## [What is expected]
Starting from the line with "Eine Person saugt" and going up to and including the line with "Na styku r’n’b", copy the listing below exactly. Leave all images out.

## [Material to process]
►

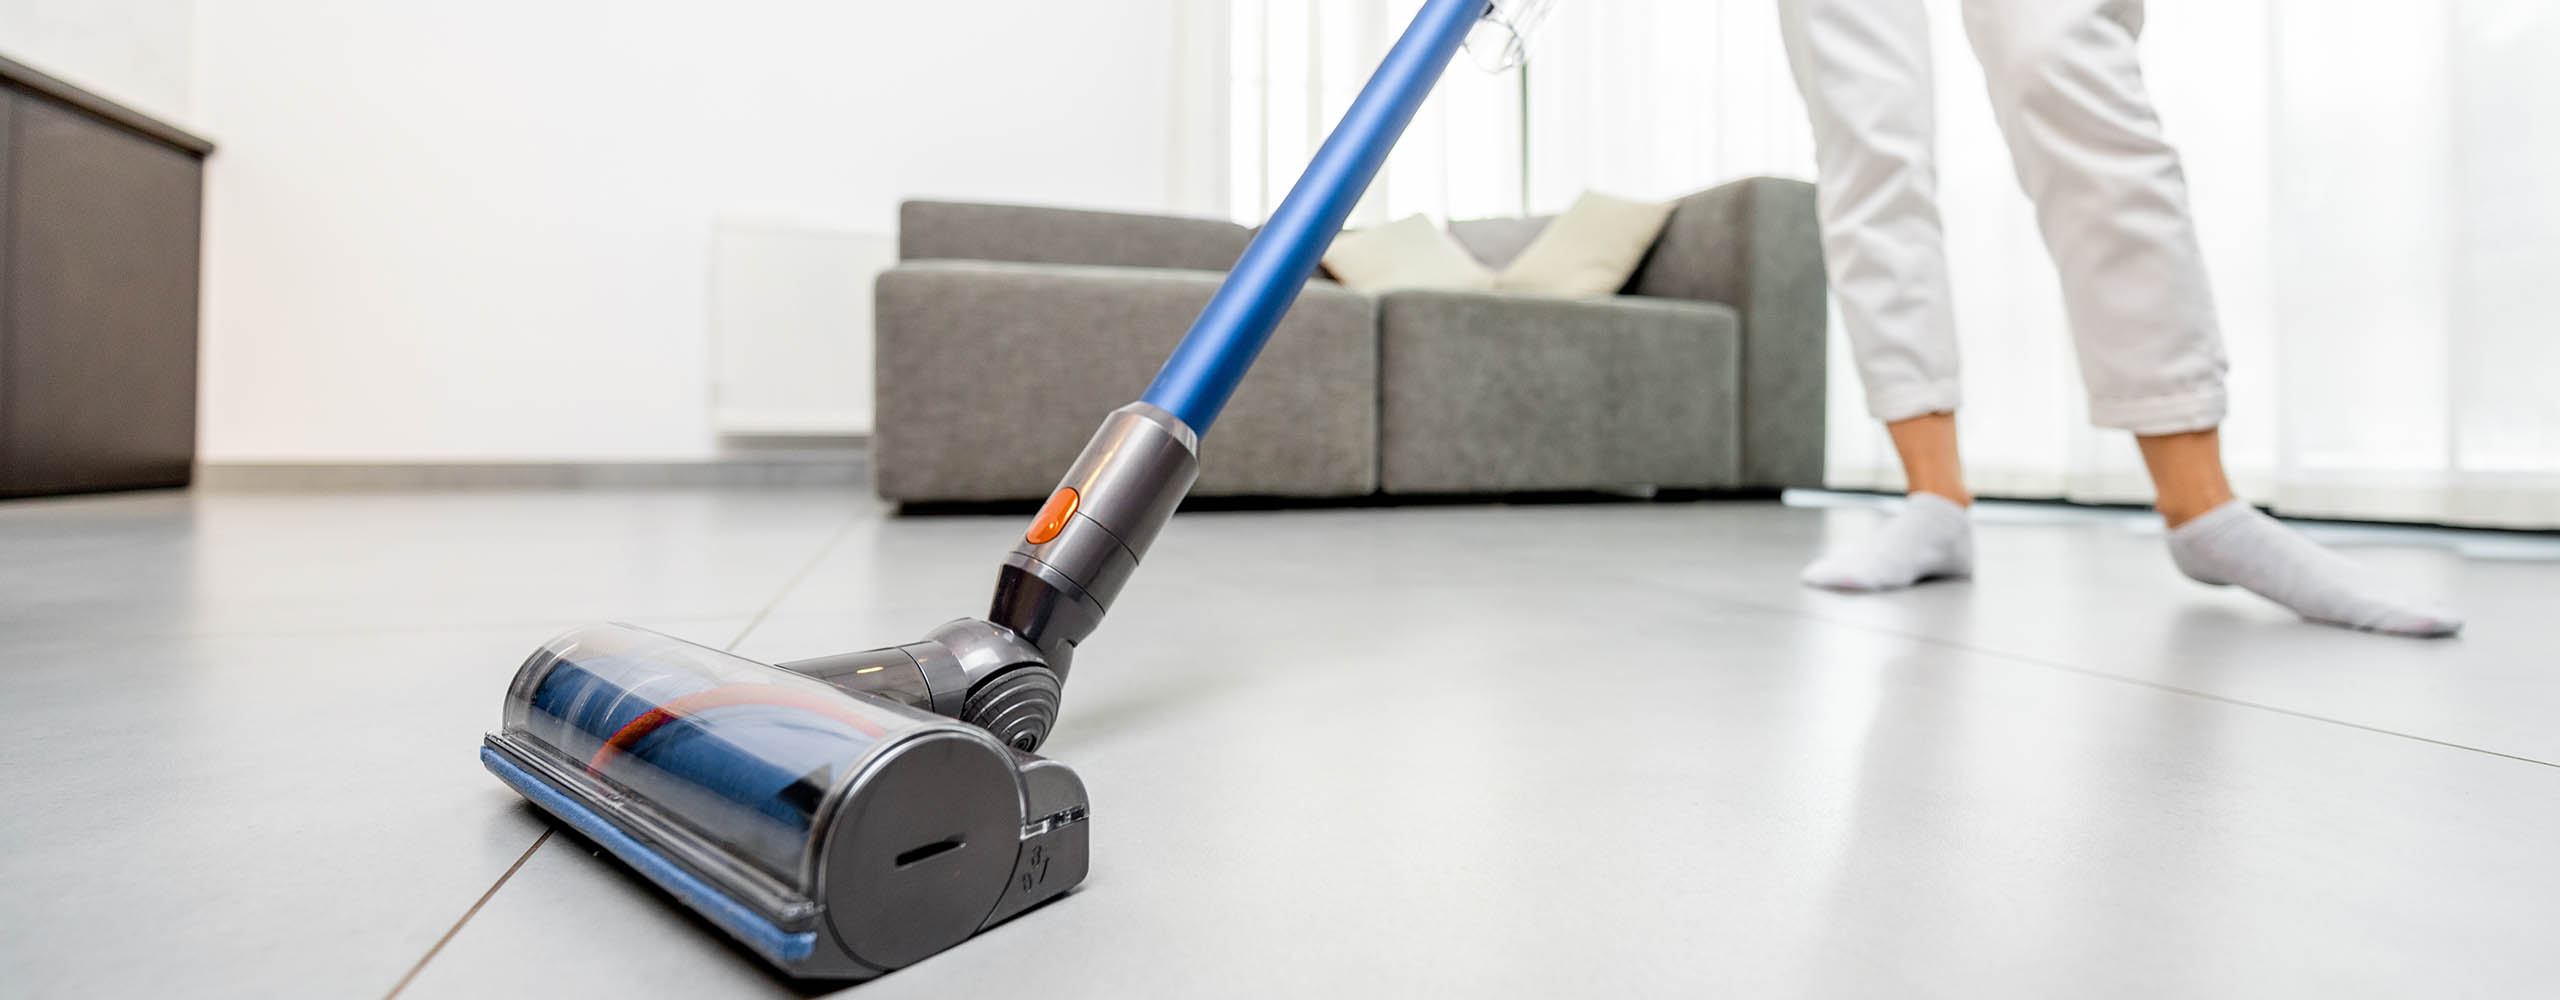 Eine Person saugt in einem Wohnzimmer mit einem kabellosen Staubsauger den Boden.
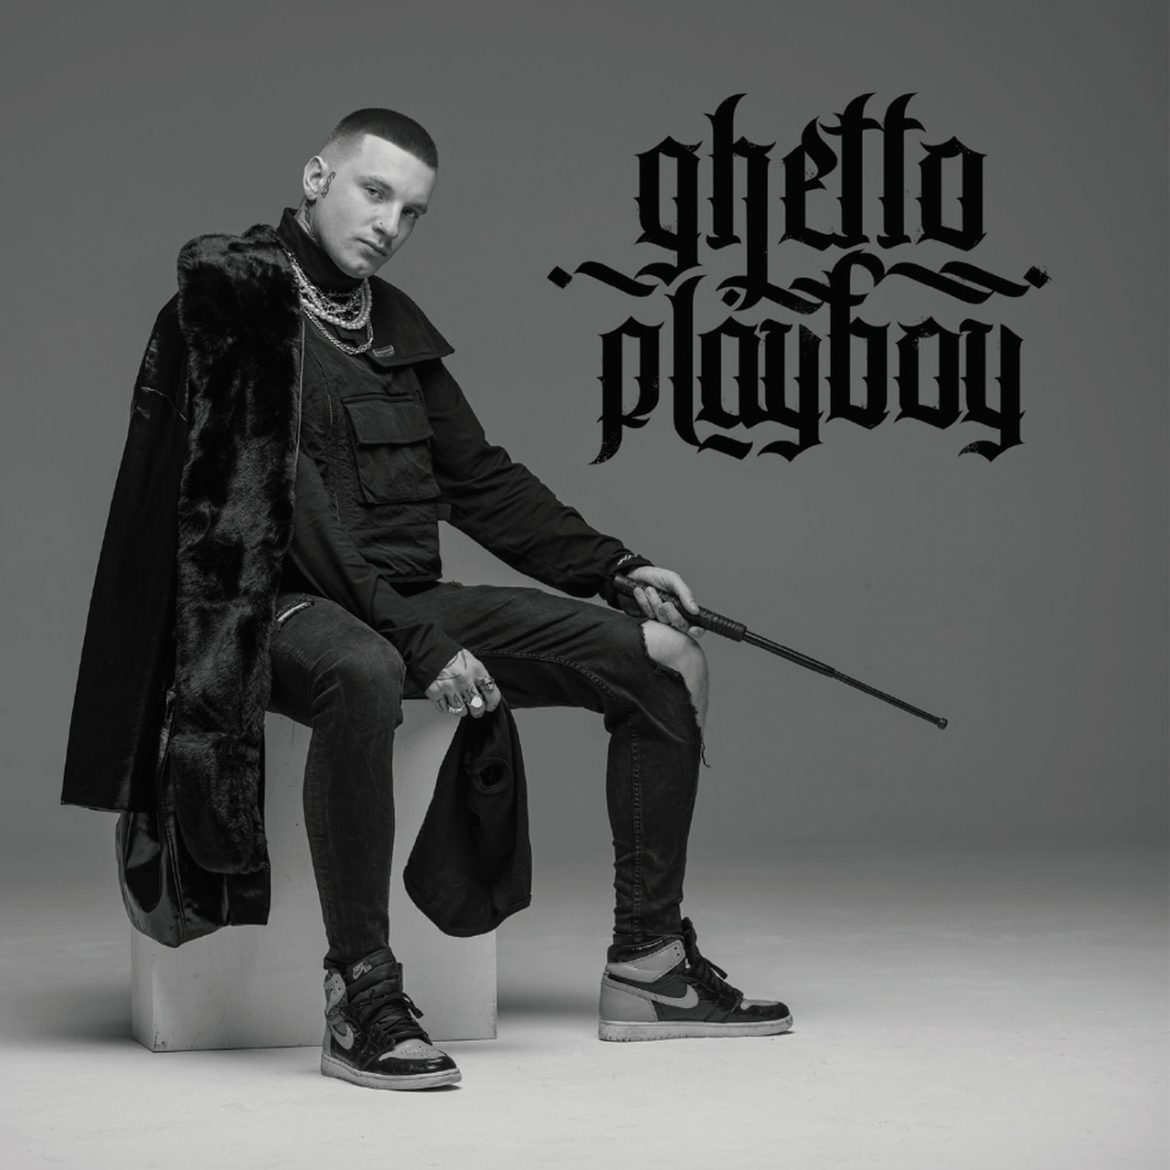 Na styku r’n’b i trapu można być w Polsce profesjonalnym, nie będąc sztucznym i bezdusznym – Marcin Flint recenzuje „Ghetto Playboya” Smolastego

◄
►

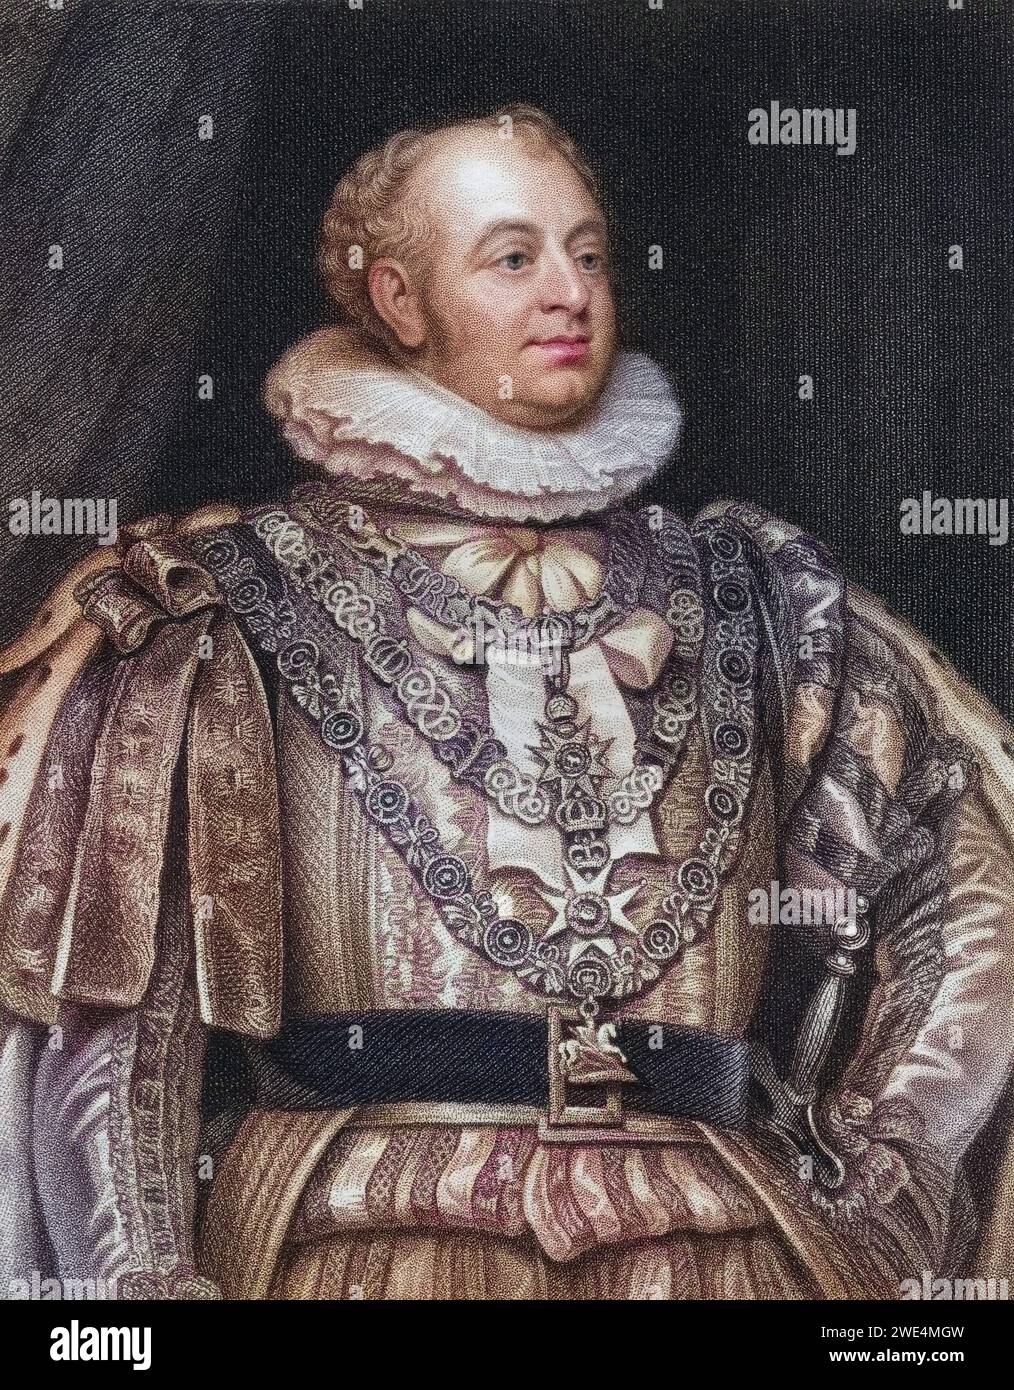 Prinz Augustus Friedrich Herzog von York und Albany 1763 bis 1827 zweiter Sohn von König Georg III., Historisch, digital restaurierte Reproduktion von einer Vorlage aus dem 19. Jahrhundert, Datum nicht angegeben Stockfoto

◄
►

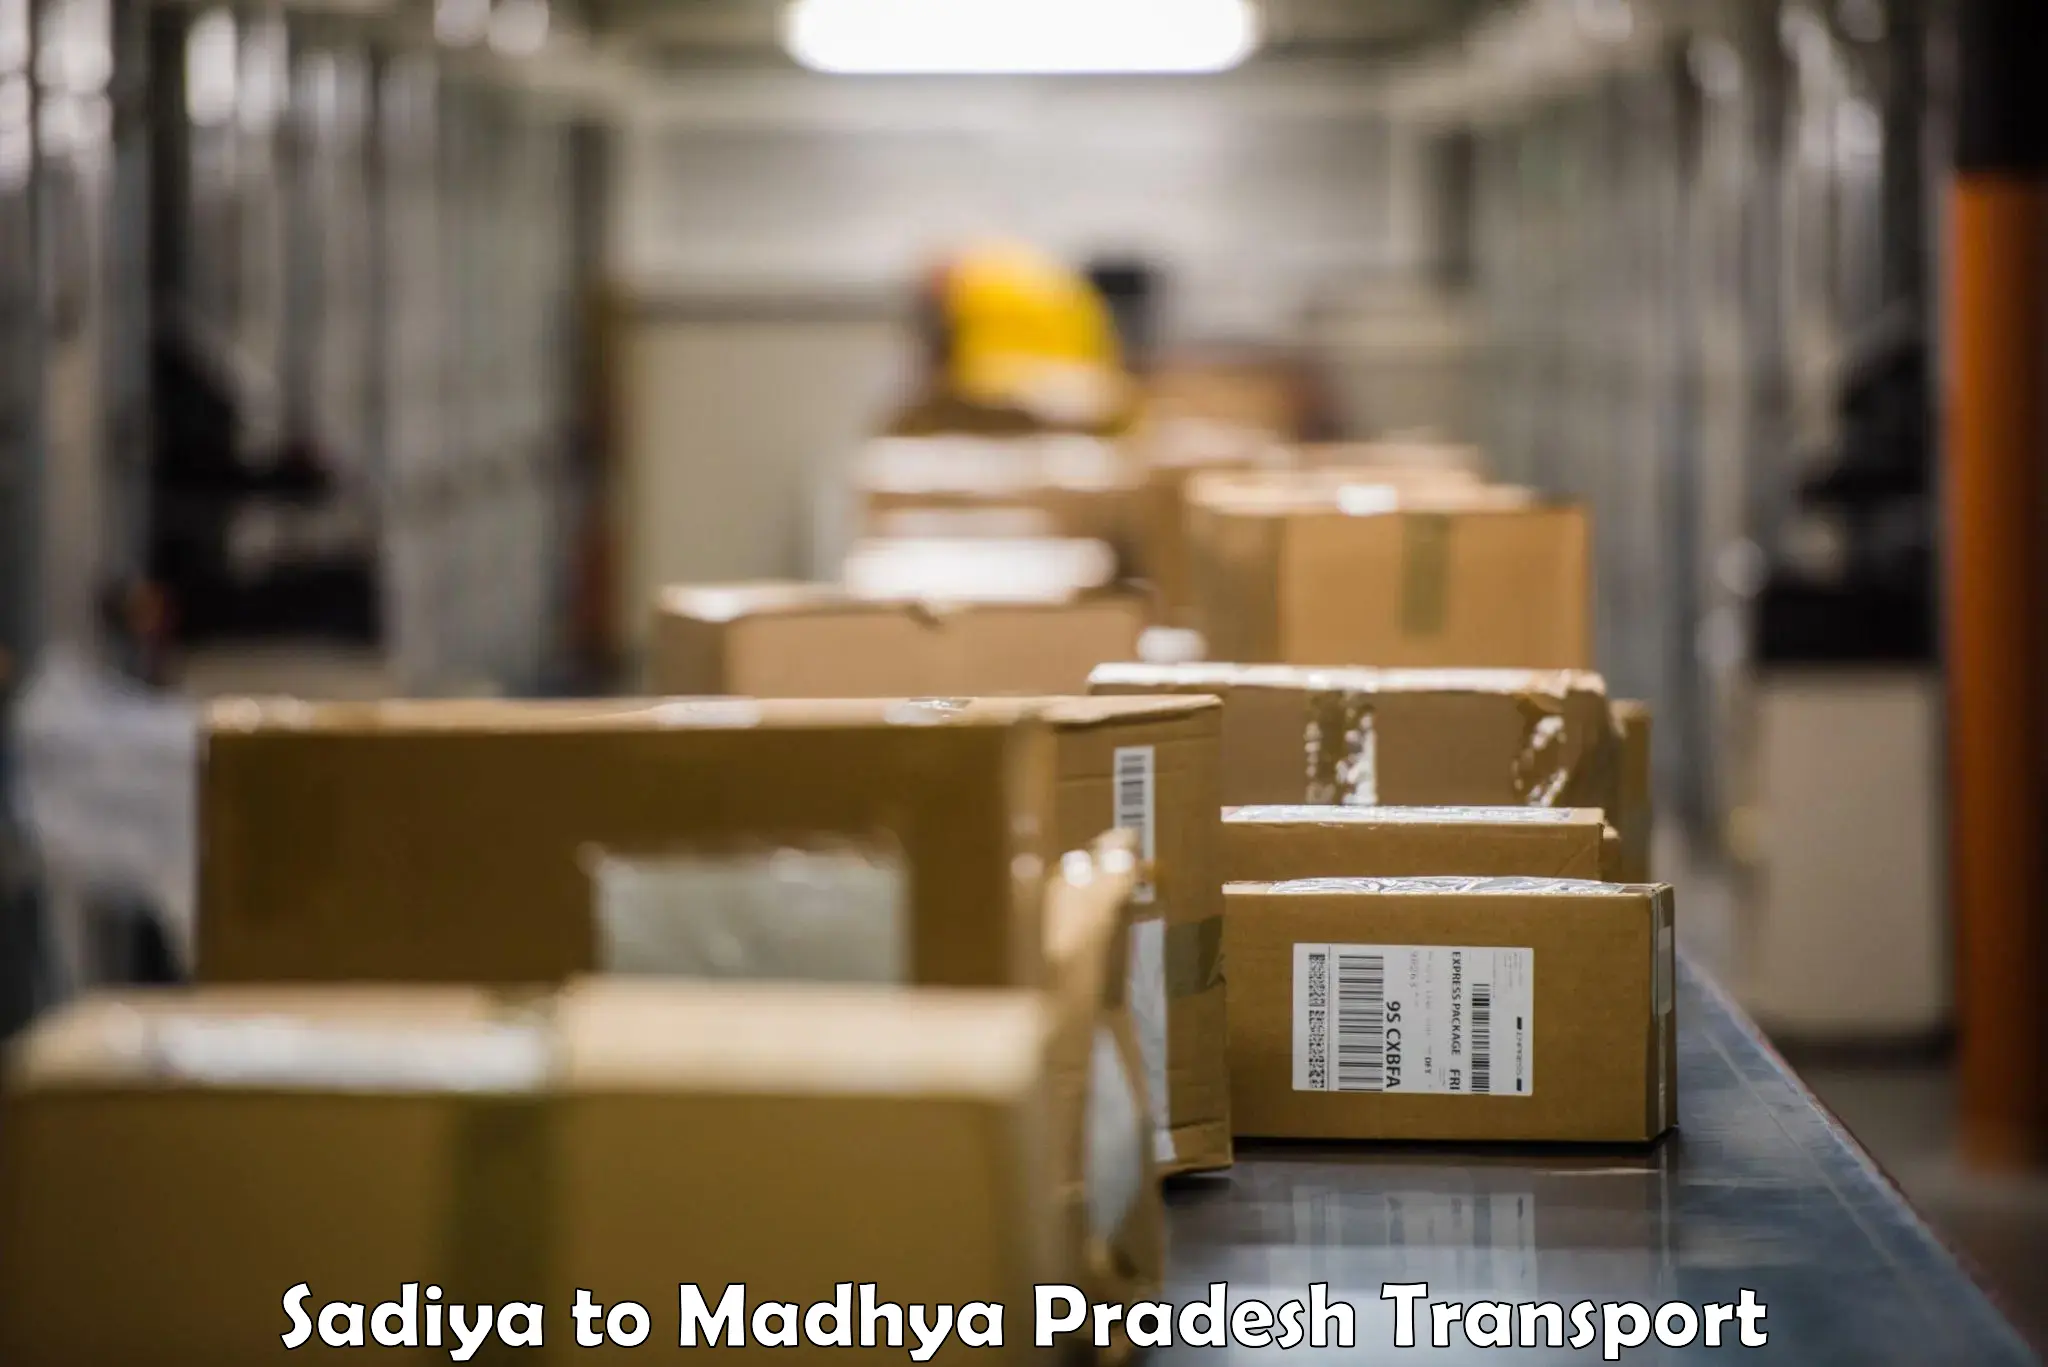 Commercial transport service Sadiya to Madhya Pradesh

◄

## [Solution for this task]
 Eine Person saugt in einem Wohnzimmer mit einem kabellosen Staubsauger den Boden.
 Na styku r’n’b i trapu można być w Polsce profesjonalnym, nie będąc sztucznym i bezdusznym – Marcin Flint recenzuje „Ghetto Playboya” Smolastego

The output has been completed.